I have to admit, stopping and scraping each piece of wood that has moss on it, while cutting and splitting does take considerably more time. My thinking for scraping off the moss, is that I get less mess in the house and woodshed. Moss holds wood chips and dirt. Also, the moss would seem to hold moisture, and slow the seasoning time down a bit, and also holds more mold and mildew. Obviously, I can't scrape all of the moss off, but I get 80-90% of it off anyway.

What do you do?

Oregon Bigfoot
 
Wasting time and working against yourself. Dried moss is good fire starter.
 
The moss should dry quite fast and pose no problem so long as you stack the wood off the ground and get air circulation. Hard to beat the wind for drying.
 
Unless you have a buyer for it removing it is a waste of time.
 
I tried removing moss from my Coast Live Oak but it just took too much time. I found that if it's left to season long enough, a lot of the bark will pop off on it's own, saving you all that work.
 
I cut up alot of wood today with moss on it and being a newbie, didn't think twice about removing it.

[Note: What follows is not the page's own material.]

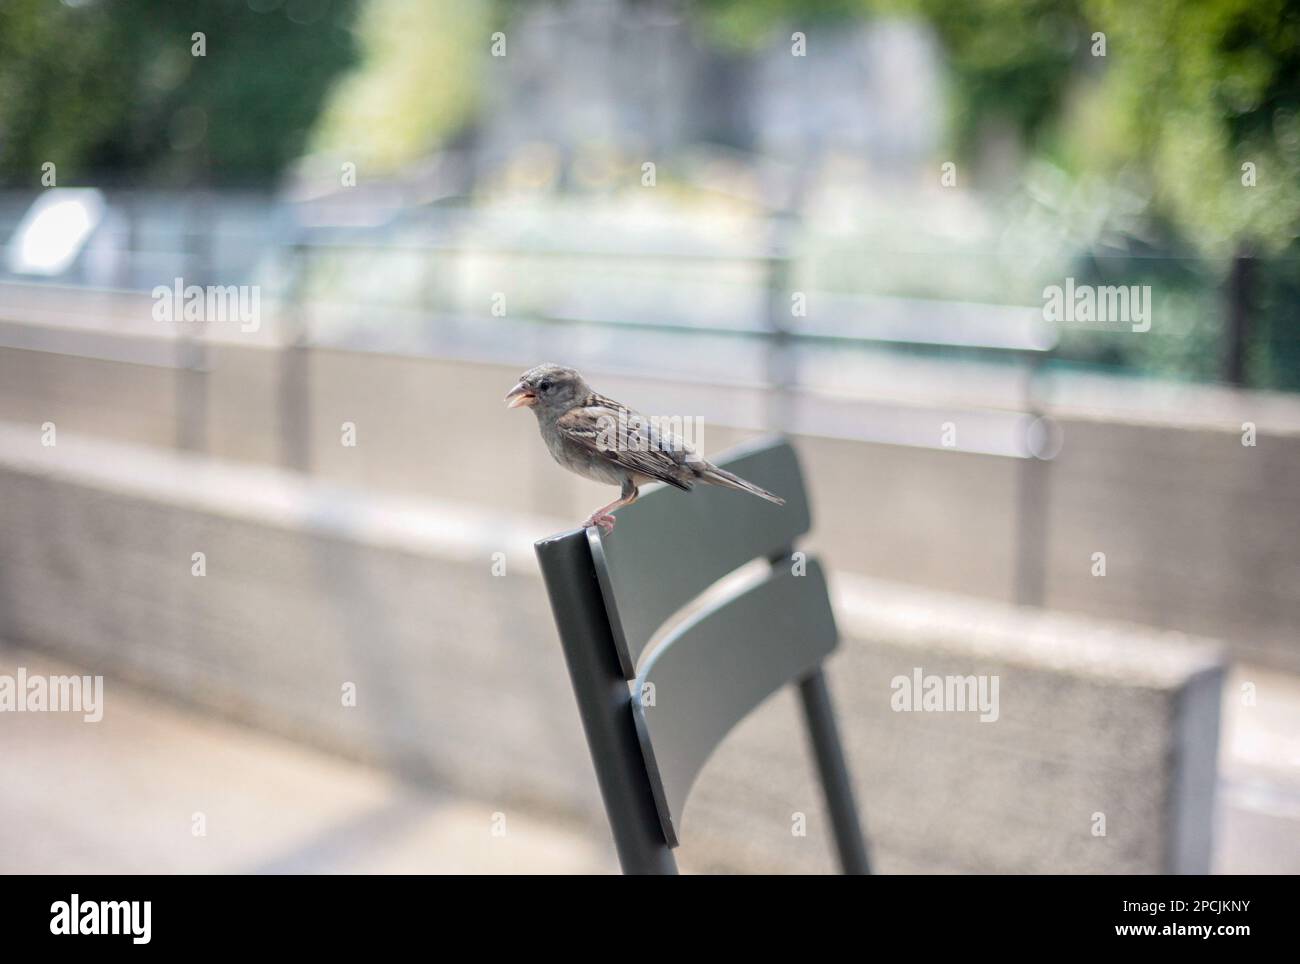 Petit oiseau assis sur une chaise Photo Stock - Alamy

My thought as well, with be plenty dry by next year, and makes good fire starting.
 
With the many times I handle the wood before it come in the house, most of the larger chunks of moss dries & falls off.
If it makes it to the stove, it gets burned.
Cleaner to handle if it's knocked off though, lees dirt to make a mess when going into the house.
It's only on the north side anyway :)
 
Guessing 98% of the wood I cut is standing dead or fallen.The only thing I remove that might be stuck to the wood is any vines,dead or otherwise.Poison Ivy rarely bothers me,but even in winter I remove it all.Even if its just Virginia Creeper,its a nuisance.Any moss I leave it alone,it either falls off or gets burned eventually.
 
Guess I've never seen wood that had that much moss or lichens on it to bother scraping it off . . . and most of the time by the time I've cut the tree down, bucked it up, thrown it in my ATV trailer, thrown it into the truck, thrown it into a pile, split it and thrown the splits to the side, stack the splits, toss the splits into a wheelbarrow and stack the splits in the woodshed, move the splits to the stack on the covered porch after seasoning for two years (one year outside, one year in the woodshed) and then haul the wood inside . . . by then most of the moss and lichens have dried up and/or fallen off.